A cone is generated by rotating triangle $ABC$ around side $\overline{AB}$. Its total surface area is $\pi$ times what number?
The slant height of the cone equals the distance from $C$ to side $\overline{AB}$, which is 8. The circumference of the base of the cone is 4 (since it circumscribes a circle with diameter 4).

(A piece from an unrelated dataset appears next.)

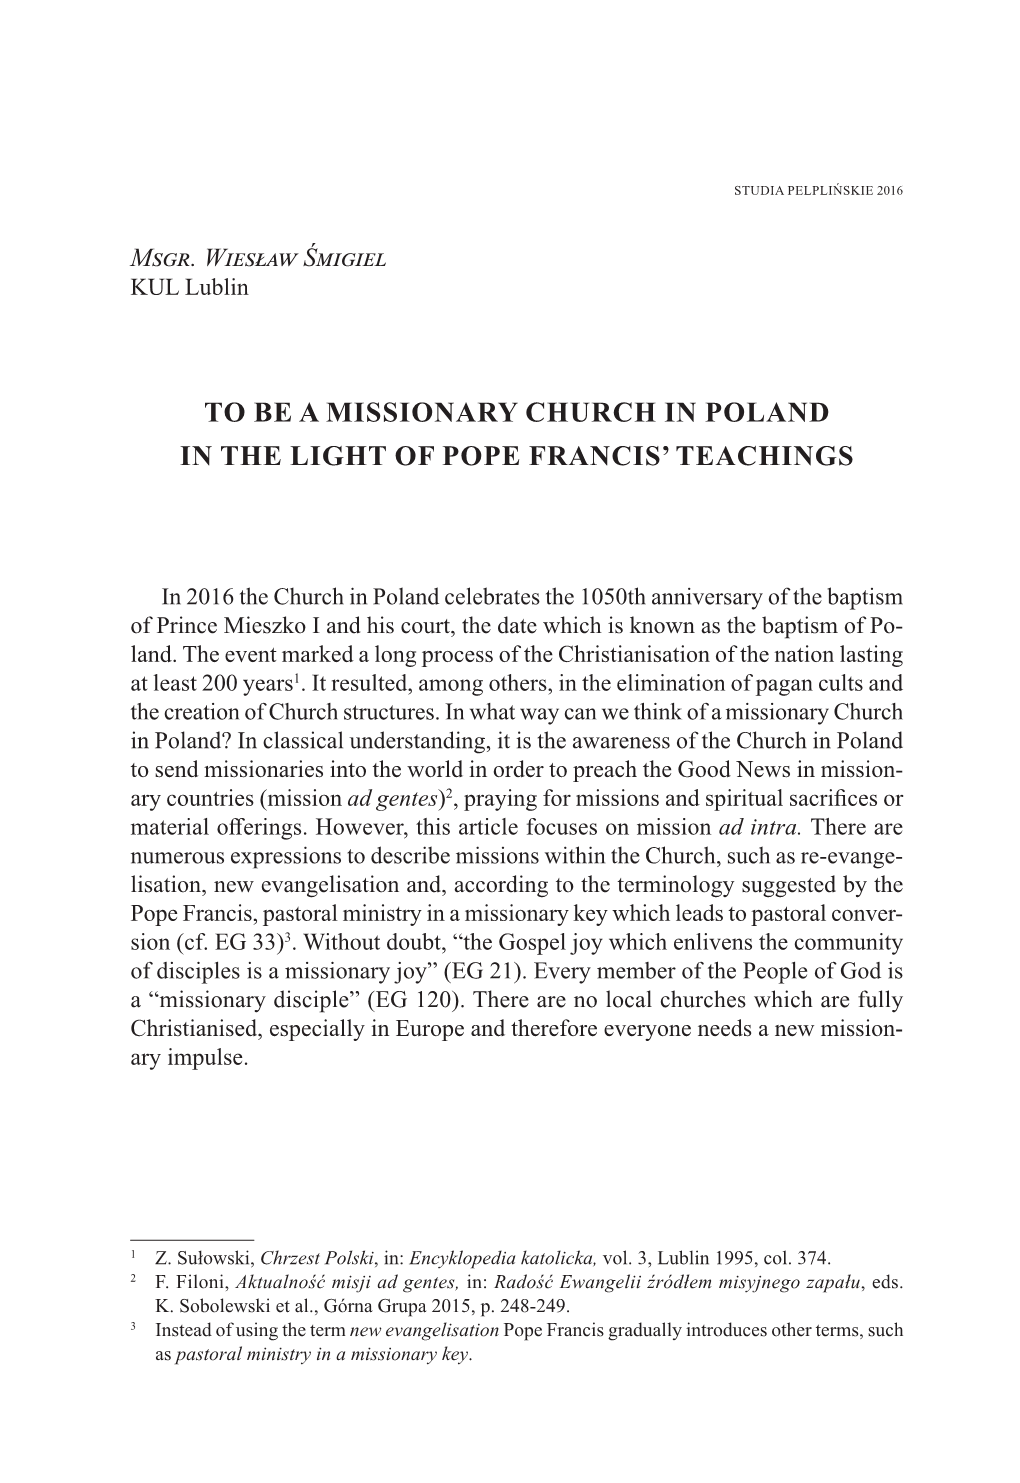 To Be a Missionary Church in Poland in the Light of Pope Francis’ Teachings

Therefore, $\pi r = 4$, so the radius $r=4/\pi$. The lateral surface area is $\pi r \cdot 8 = 8 \pi^2/ \pi = 8 \pi$. This gives a total surface area of $8 \pi + \pi r^2 = 8 \pi + \pi (4/\pi)^2 = \boxed{24}$.
To find the total surface area of the cone, we need to find the area of the base and the lateral surface area, and then add them together.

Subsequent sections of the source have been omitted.